Banyak penelitian yang membuktikan anak pertama memiliki banyak kelebihan, seperti lebih banyak pencapaian, lebih baik di sekolah, hingga kemungkinan menduduki jabatan tertinggi di tempat kerja. Tetapi, semua itu bukanlah peran yang mudah dijalankan, ada banyak tuntutan yang harus dijalankan sejak lahir.
Perhatian penuh orang tua mulai berubah saat adik datang. Anak pertama perlahan dituntut untuk selalu mengalah dan paham keadaan. Kalimat seperti, “Adikmu belum paham apa-apa, tolong mengalah ya, kak,” hampir setiap hari terdengar. Orang tua seolah tidak memikirkan perasaan anak pertama tersebut.
Bahkan ketika orang tua tidak ada di rumah, seringkali anak pertama berubah peran menjadi ‘kepala keluarga’ sementara. Dianggap seperti orang dewasa yang bisa mengatasi semua masalah. Menjaga rumah dalam aturan yang telah ditetapkan, menjaga adik, membersihkan rumah, dan kegiatan lain yang seringkali bukan menjadi tanggung jawabnya.
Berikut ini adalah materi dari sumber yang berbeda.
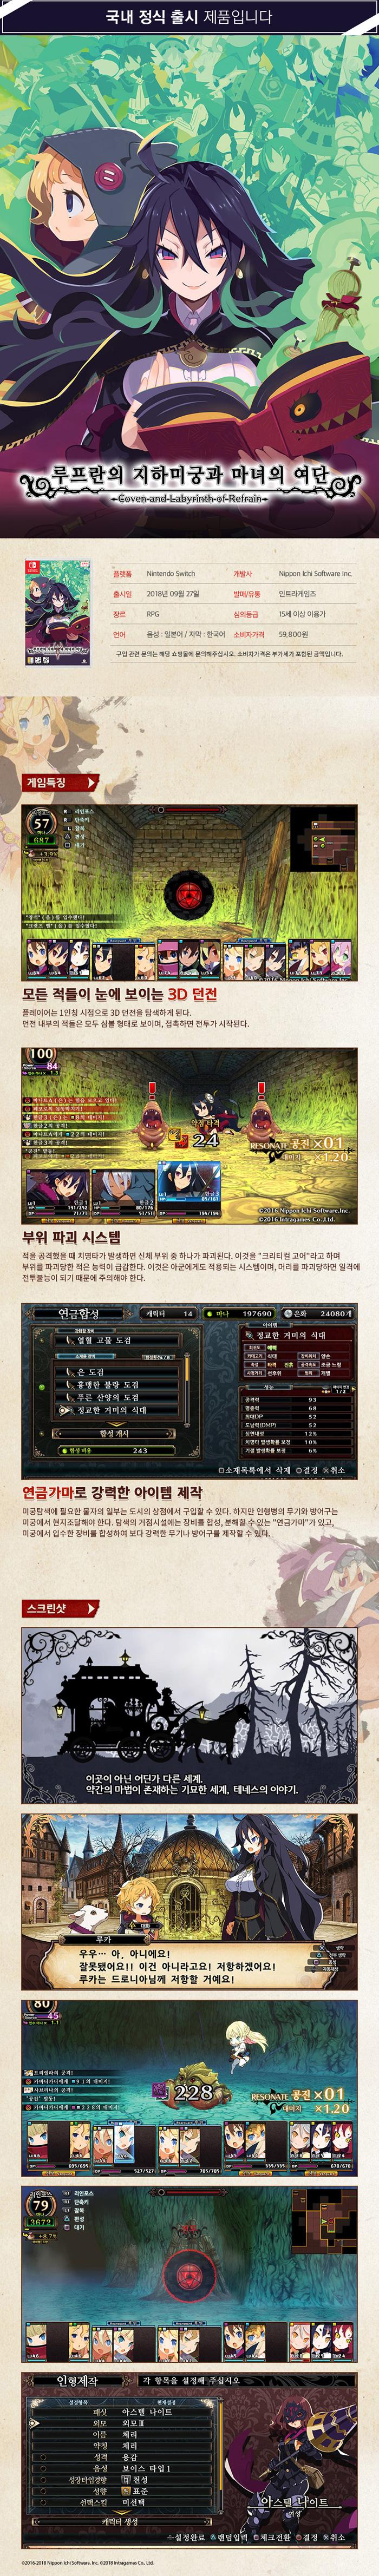 switch 루프란의 지하미궁과 마녀의 여단 상세페이지

Memenuhi seluruh harapan orang tua adalah hal yang didambakan. Dan fakta-fakta itulah yang kemudian terkumpul dan bisa menjadi bom waktu suatu saat nanti. Inilah mengapa kemudian banyak dari anak pertama yang mengalami inner child. Luka batin ini menumpuk dan terbawa hingga kapanpun, tanpa disadari.
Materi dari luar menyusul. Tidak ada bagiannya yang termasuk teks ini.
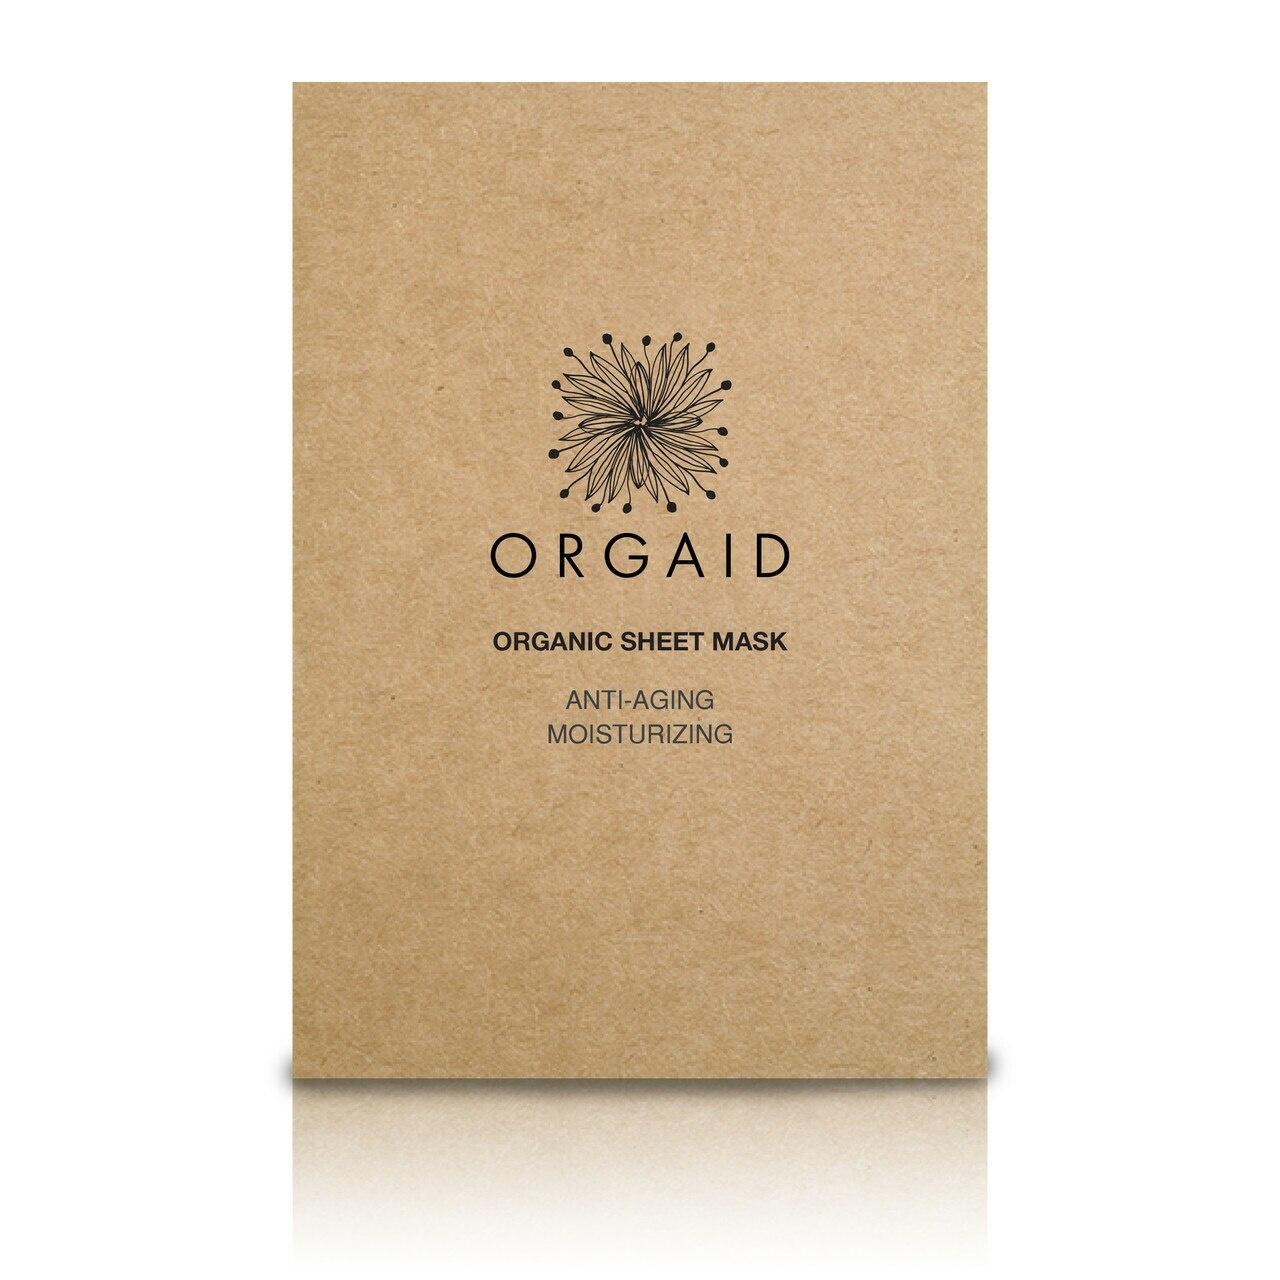 Anti-Aging & Moisturizing Organic Sheet Mask-1

Bagi anak pertama yang menjalankannya dengan enjoy, mungkin tidak terlalu banyak dipermasalahkan. Tapi bagi sebagian lainnya, kondisi seperti ini bisa diwariskan pada anak-anak pertama mereka, bahwa semua harus terlihat sempurna demia menjadi panutan bagi adik-adiknya.
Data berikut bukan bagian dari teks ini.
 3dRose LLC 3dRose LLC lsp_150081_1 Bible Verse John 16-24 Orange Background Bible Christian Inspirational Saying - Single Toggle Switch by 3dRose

Ingatlah, bagwa untuk menjadi panutan adalah tugas orang tua, bukan anak pertama. Sehingga penting bagi orang tua untuk mengenal lebih dekat psikologi anak pertama. Mulailah dengan menyadari, bahwa anak sulung Bunda sama seperti anak-anak Bunda yang lain. Berikan mereka tanggung jawab sesuai dengan porsinya. Tidak perlu menjadikannya panutan agar bisa dilihat baik oleh adik-adiknya.